Indeed – at the turn of the 20th century Liverpool was a titan of the global goods trade.

This city conducted one third of the UK’s export trade, owning one third of UK shipping, and one seventh of all registered shipping anywhere in the world.

Today – Liverpool is retaking its place as a major player in world trade.

In 2016, the completion of Liverpool’s £400 million container terminal meant that instead of accommodating just 5% of the world’s container vessels the port can now accept 95%.

But despite its strong history in goods this is also a region which excels in services.

Head to almost any country on earth and examples are right before your eyes.

Just take China.

On Shanghai’s historic waterfront, you’ll find three buildings modelled on Liverpool’s ‘Three Graces’ which stand just a mile north of here.
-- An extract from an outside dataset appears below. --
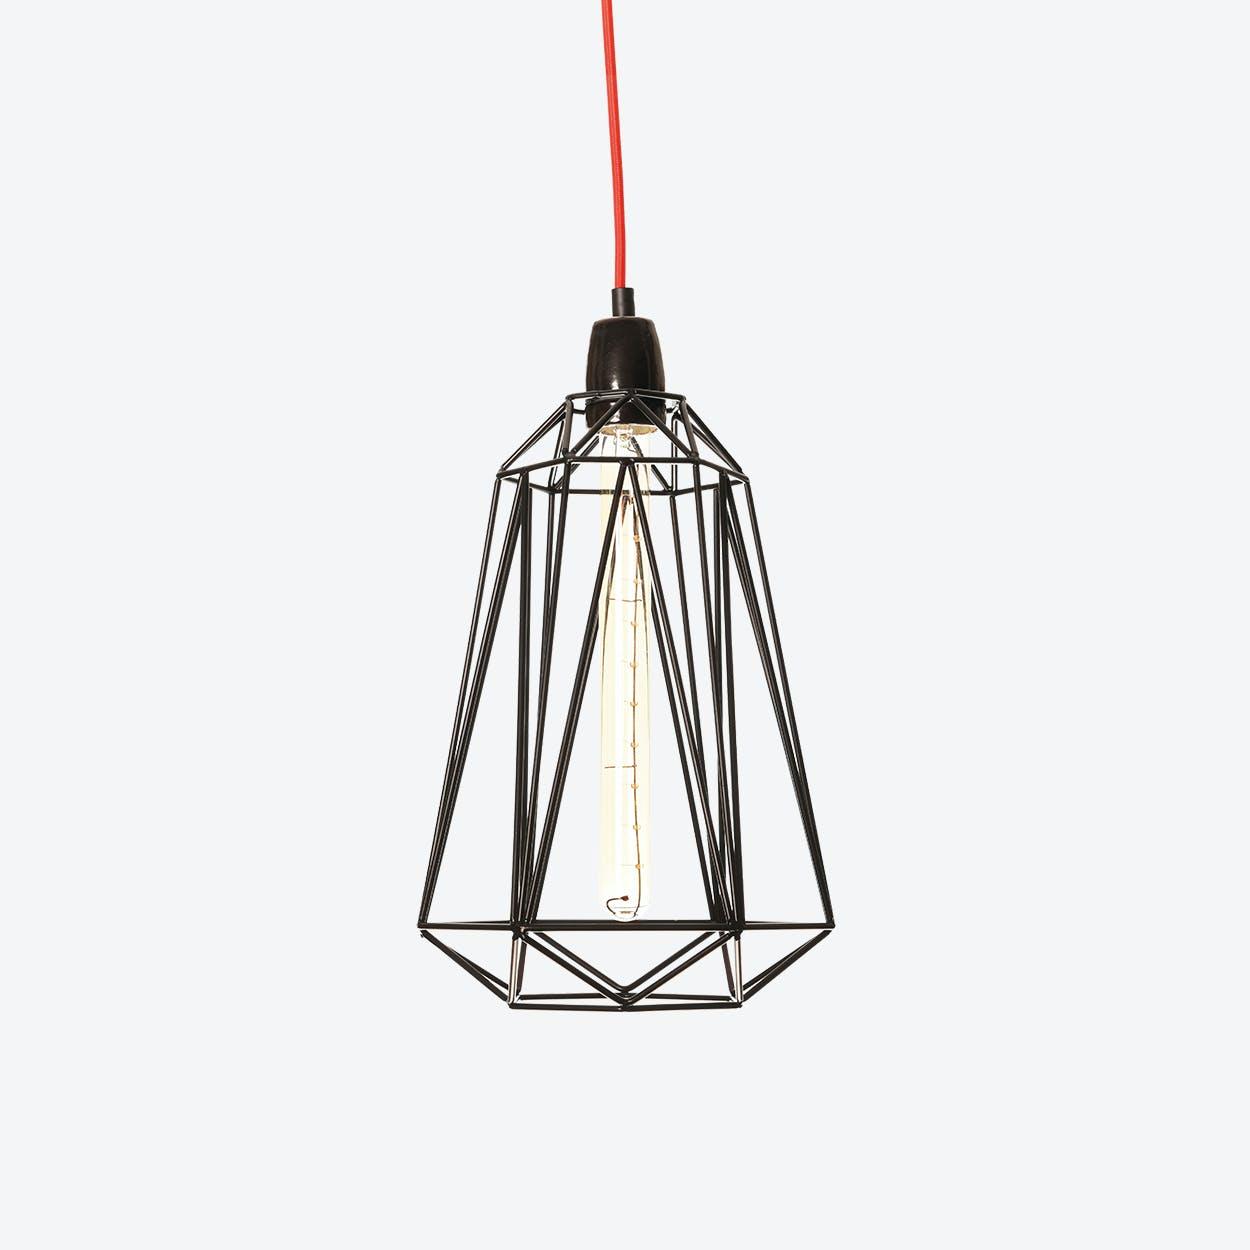 Industrial Pendant Light Medium Diamond in Black with Red Cord
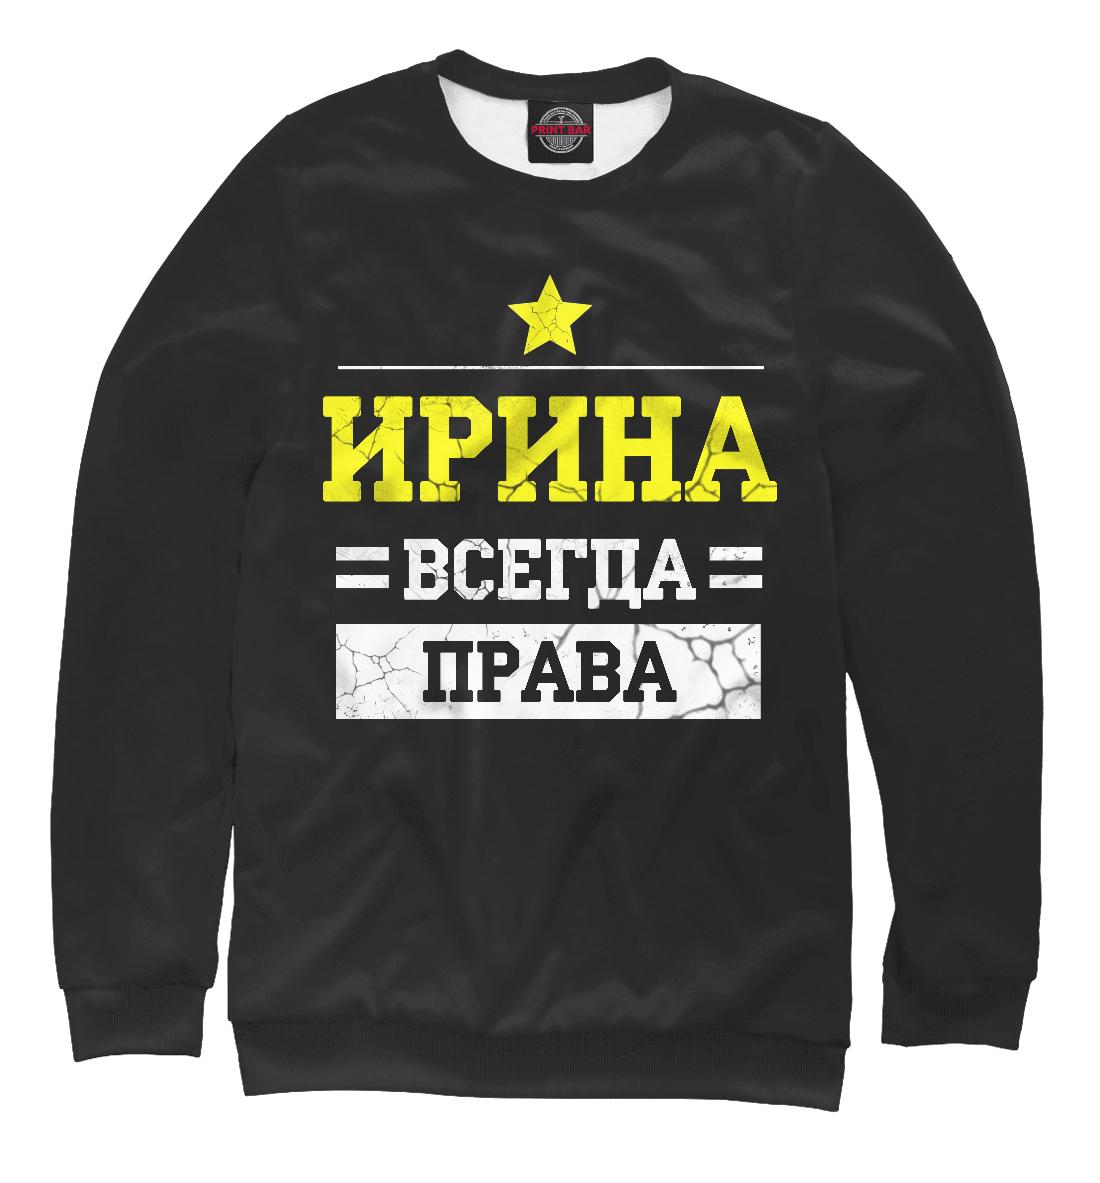 Купить Ирина, Printbar, Свитшоты, IRI-590991-swi-2

Across the country the Chinese are discovering our creative industries; in other words, services.

Harry Potter spin-off Fantastic Beasts and Where to Find Them filmed on the streets of Liverpool took more than £30 million in China on its opening weekend.

And in Beijing as soon as you step off the plane you’ll enter a terminal designed by architect Norman Foster.

Who was born in Stockport and studied at the University of Manchester.

Frankly – we’ve got a services sector that other countries would kill for.

The labels ‘designed in Britain’, ‘filmed in Britain’, ‘recorded in Britain’ are hallmarks of quality.

And our Industrial Strategy is all about growing strengths just like these.

So today I want to talk about how we can build on our deserved reputation as a go-to destination for quality services to make the UK the very best in the world.

Here in North West England three million jobs are in services sectors.

That’s 8 out of 10 of all jobs in the region.

When we think about those people who work in ‘services’ across the UK, we think of bankers, lawyers, and accountants. They make a big contribution to our economy.

In Liverpool, Manchester and Leeds - legal and financial services have had a long history.

But, that’s not the whole story. Services cover many other sectors you might not immediately think of.

Lots of the people I grew up with on Teesside have enjoyed good careers, earning good money for themselves, their family and the country servicing offshore oil rigs in the North Sea. Learning a set of skills which they could then take with them and use around the world.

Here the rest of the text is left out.